(Information provided begins)

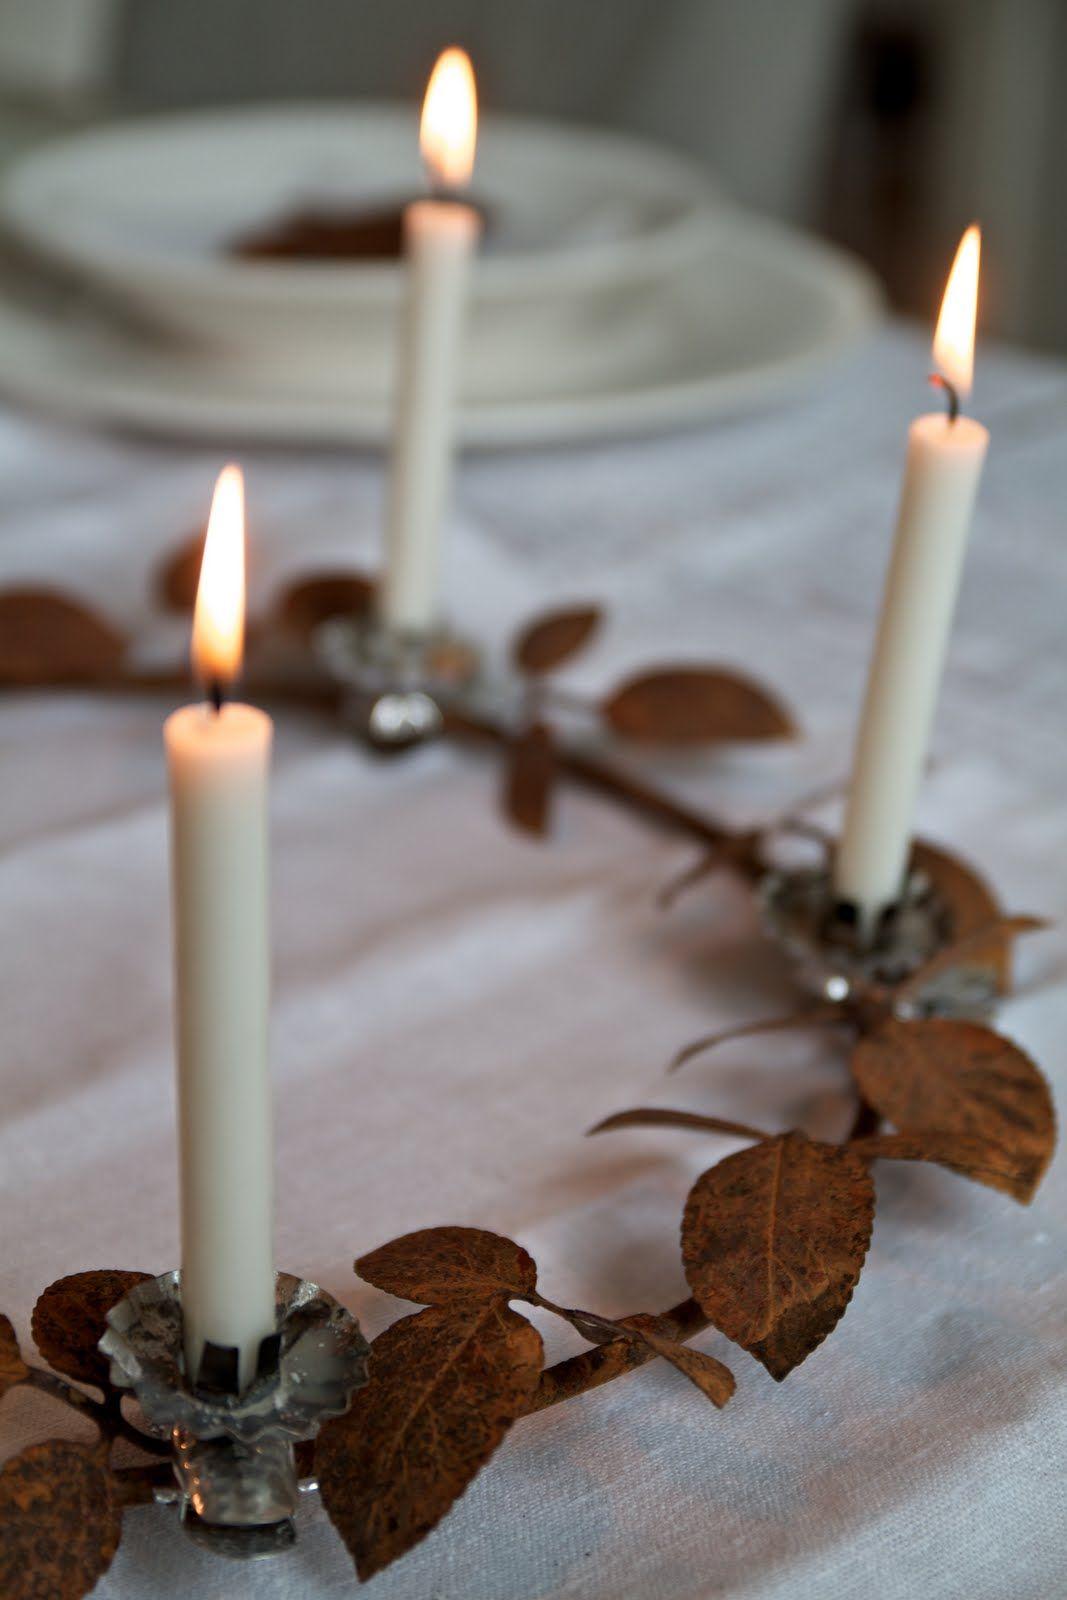 ☀ sinos e luzes - Wreath candle holder.
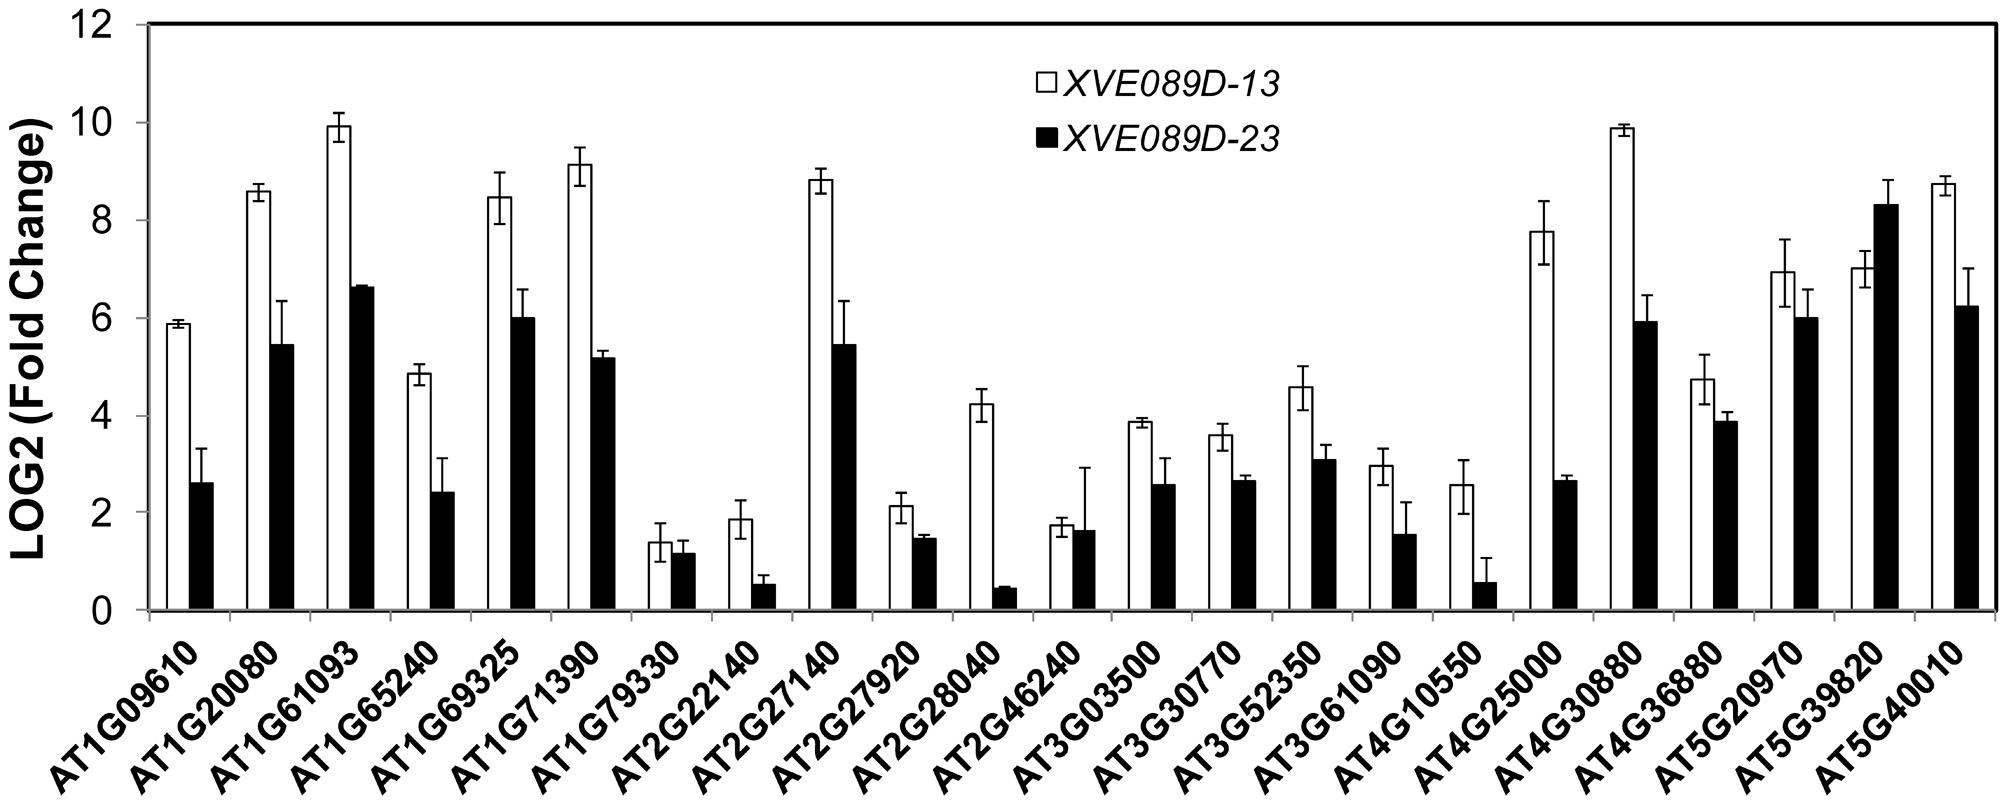 NAC089 regulates many downstream genes.
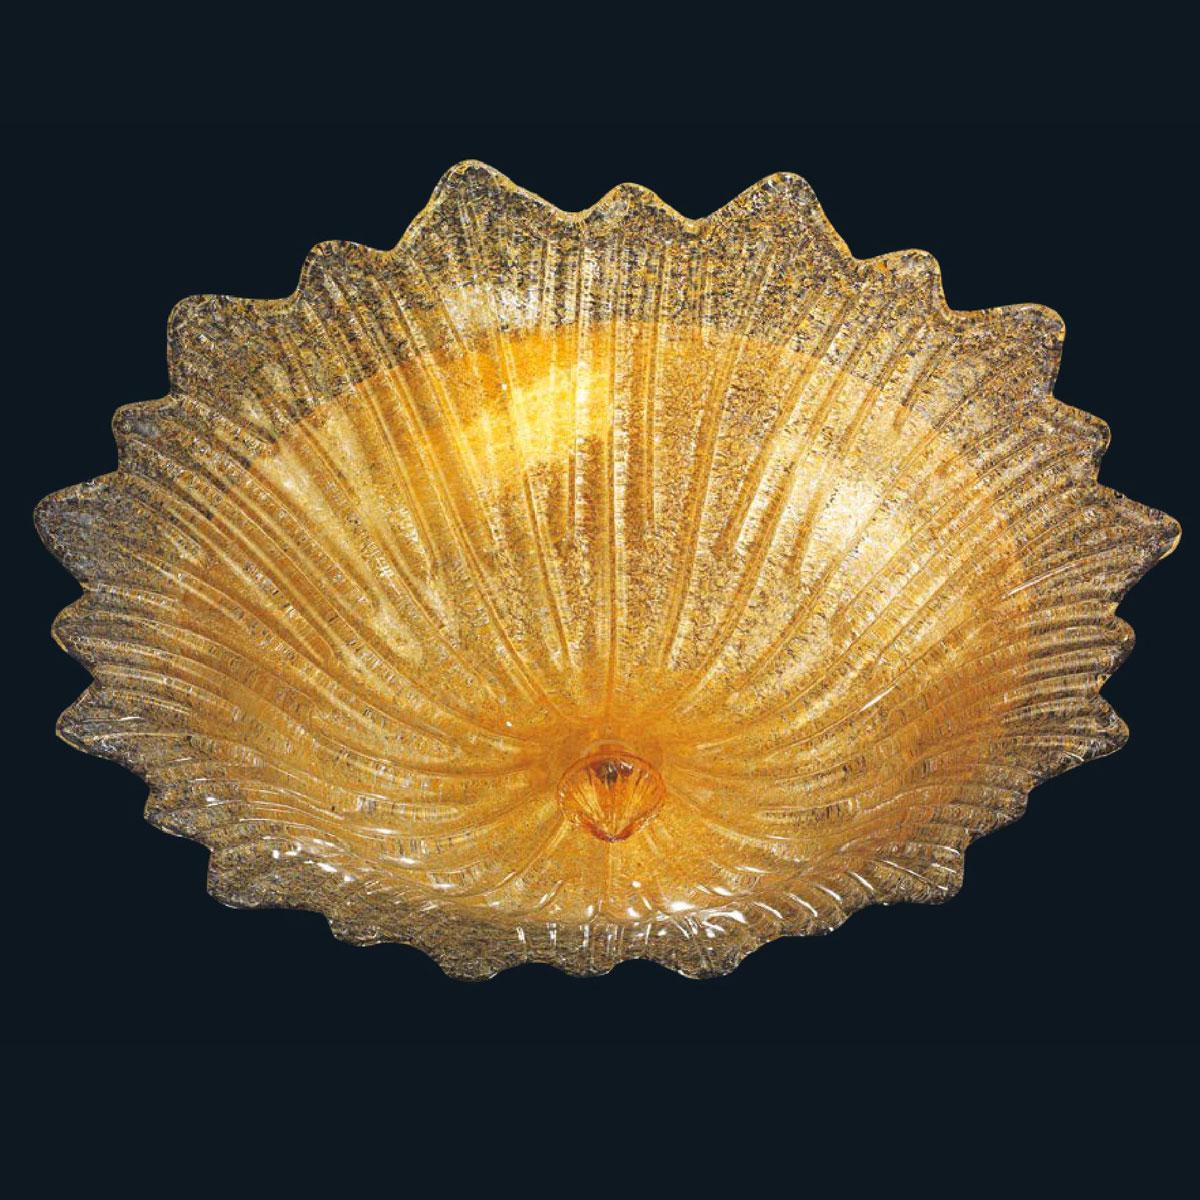 """Camille"" plafonnier en verre de Murano - 3 lumières - ambre"
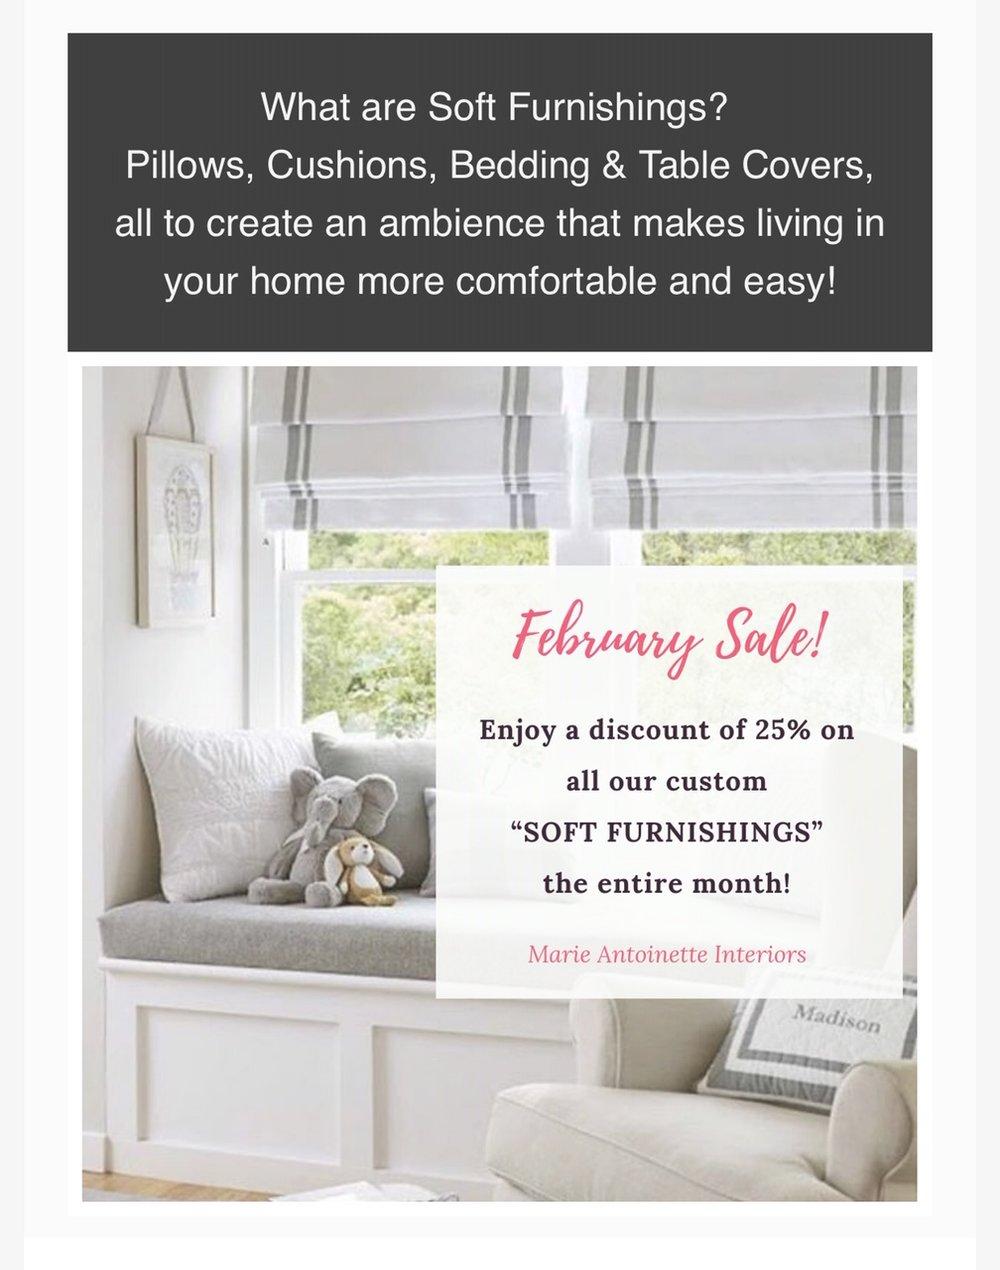 Soft Furnishings Sale.jpg
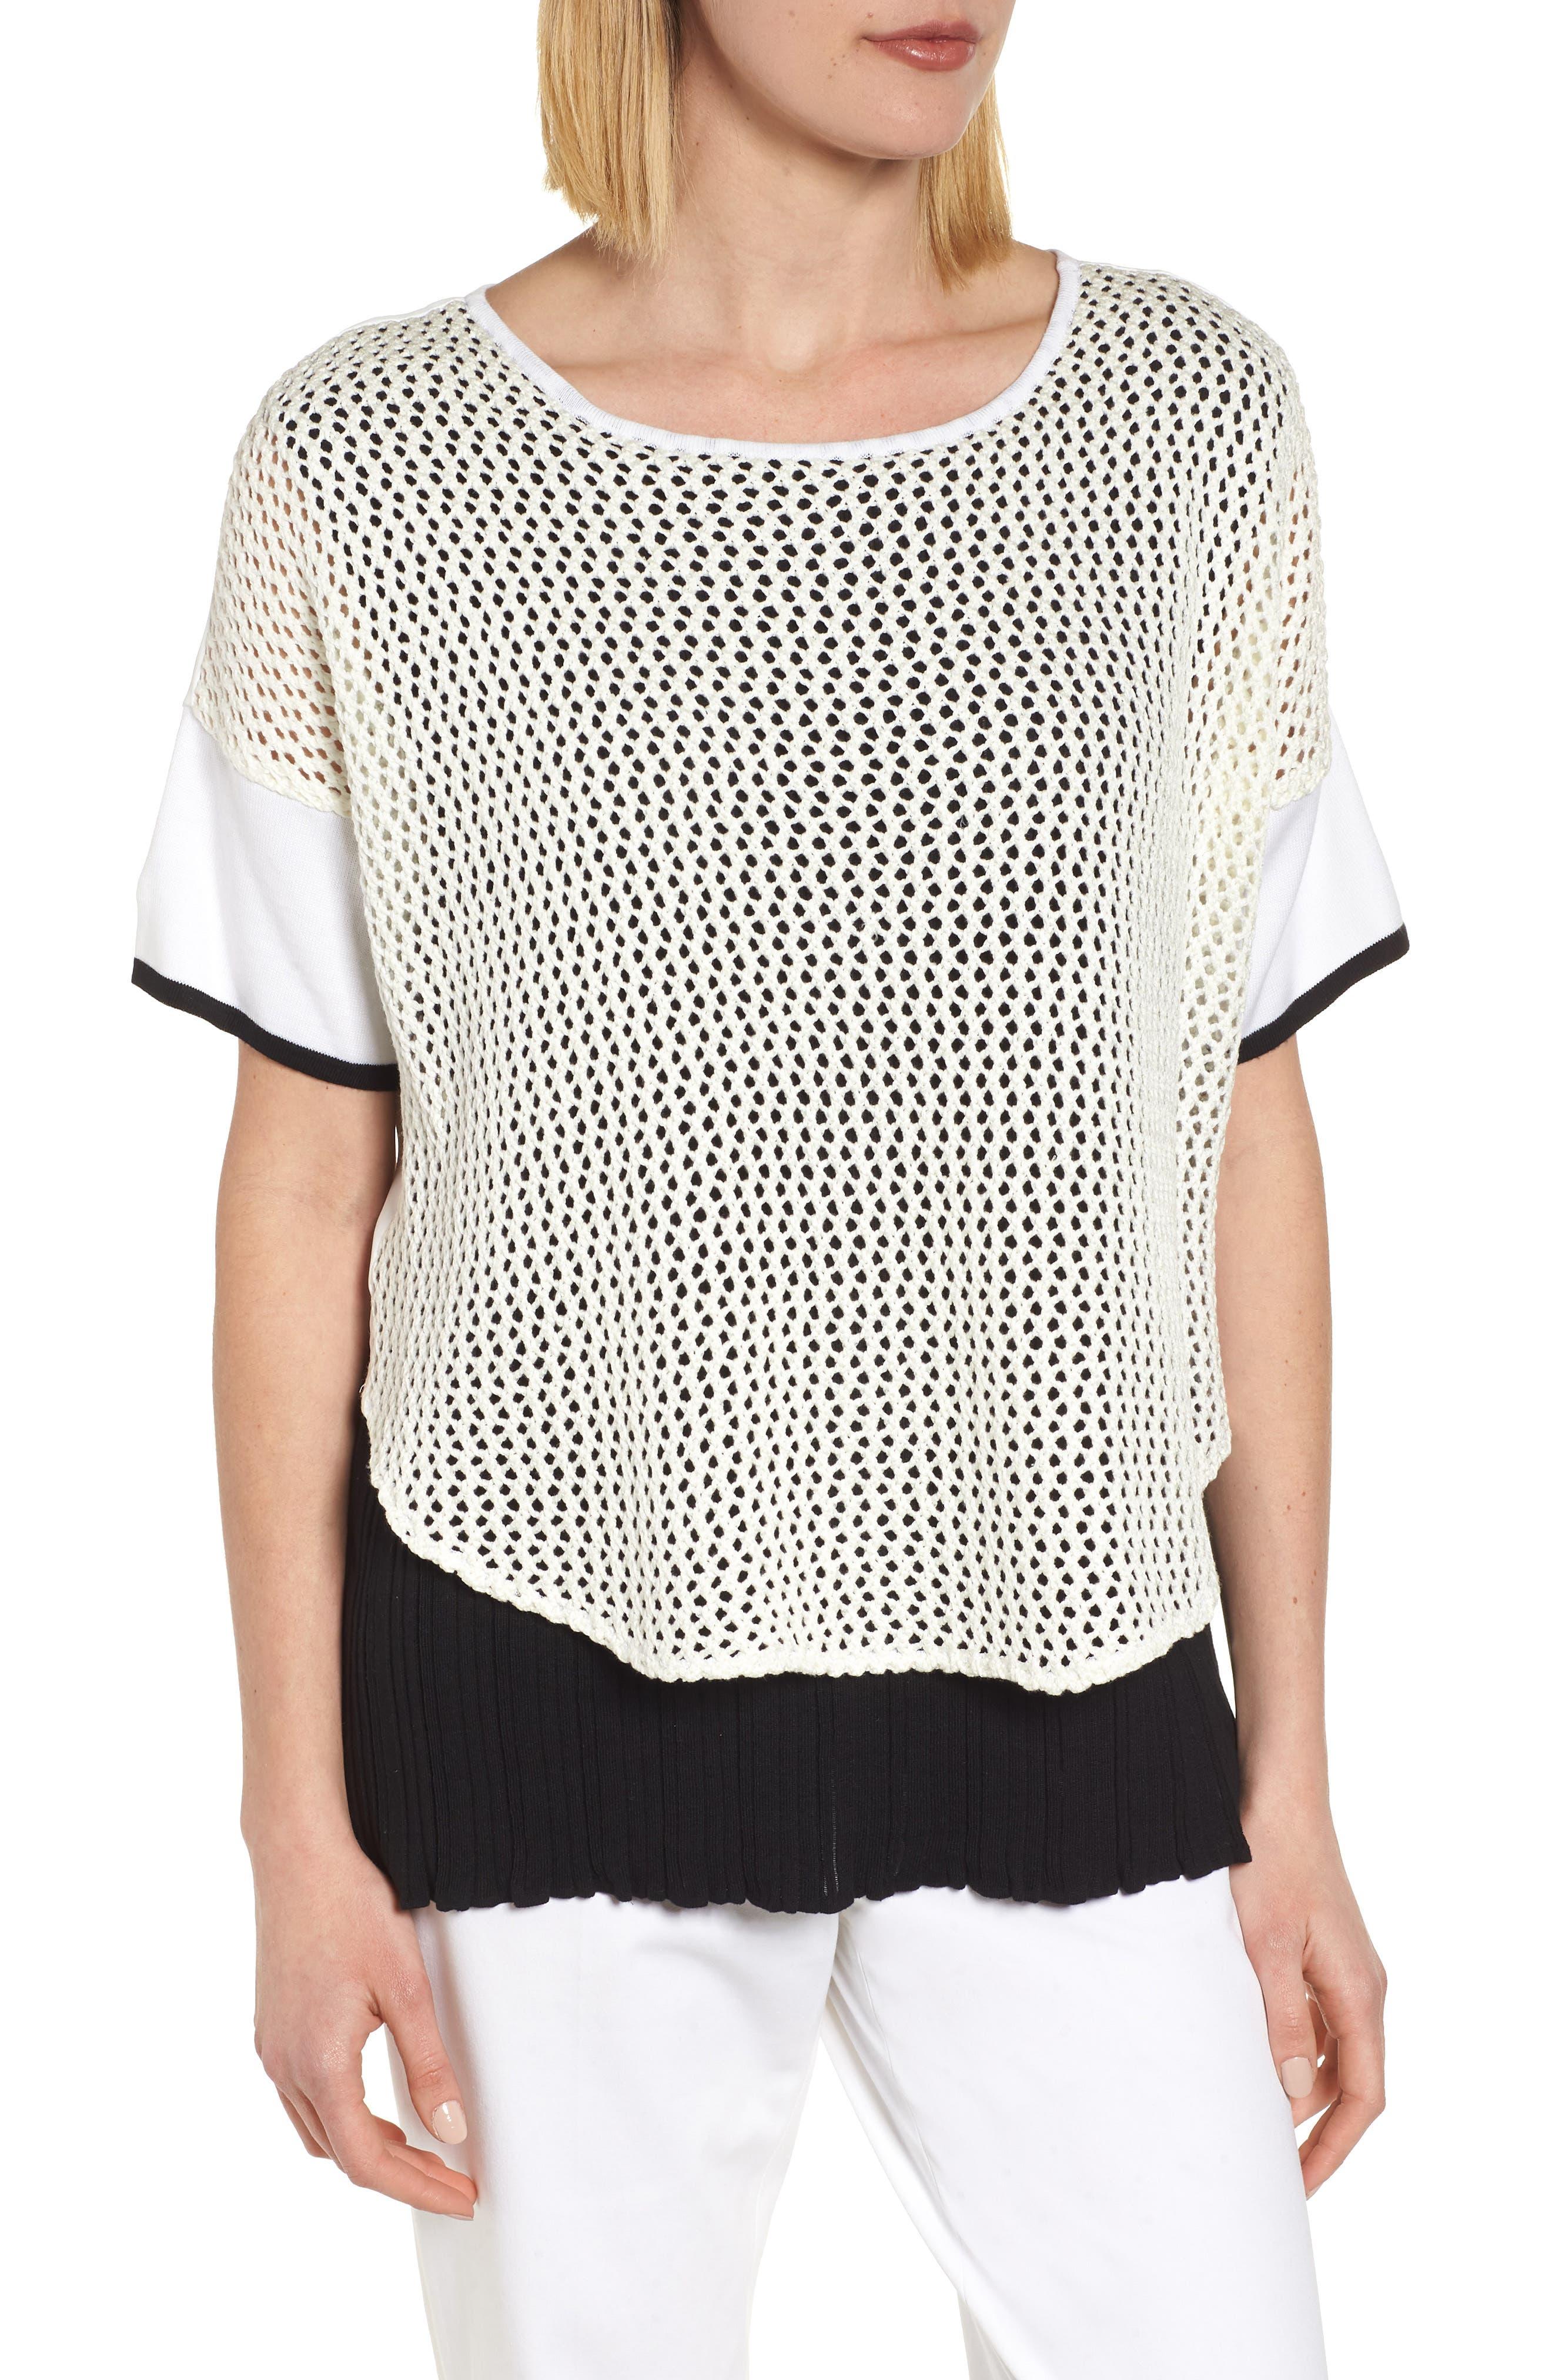 Mixed Media Short Sleeve Tunic Top,                         Main,                         color, White/ Black

(Information provided ends)

_Description of the task_
Provide the lines again, unchanged, from where the data above begins through the line containing "Soft Furnishings Sale.jpg", both ends included, omitting pictures and adding nothing.

_Solved exercise_
 ☀ sinos e luzes - Wreath candle holder.
 NAC089 regulates many downstream genes.
 """Camille"" plafonnier en verre de Murano - 3 lumières - ambre"
 Soft Furnishings Sale.jpg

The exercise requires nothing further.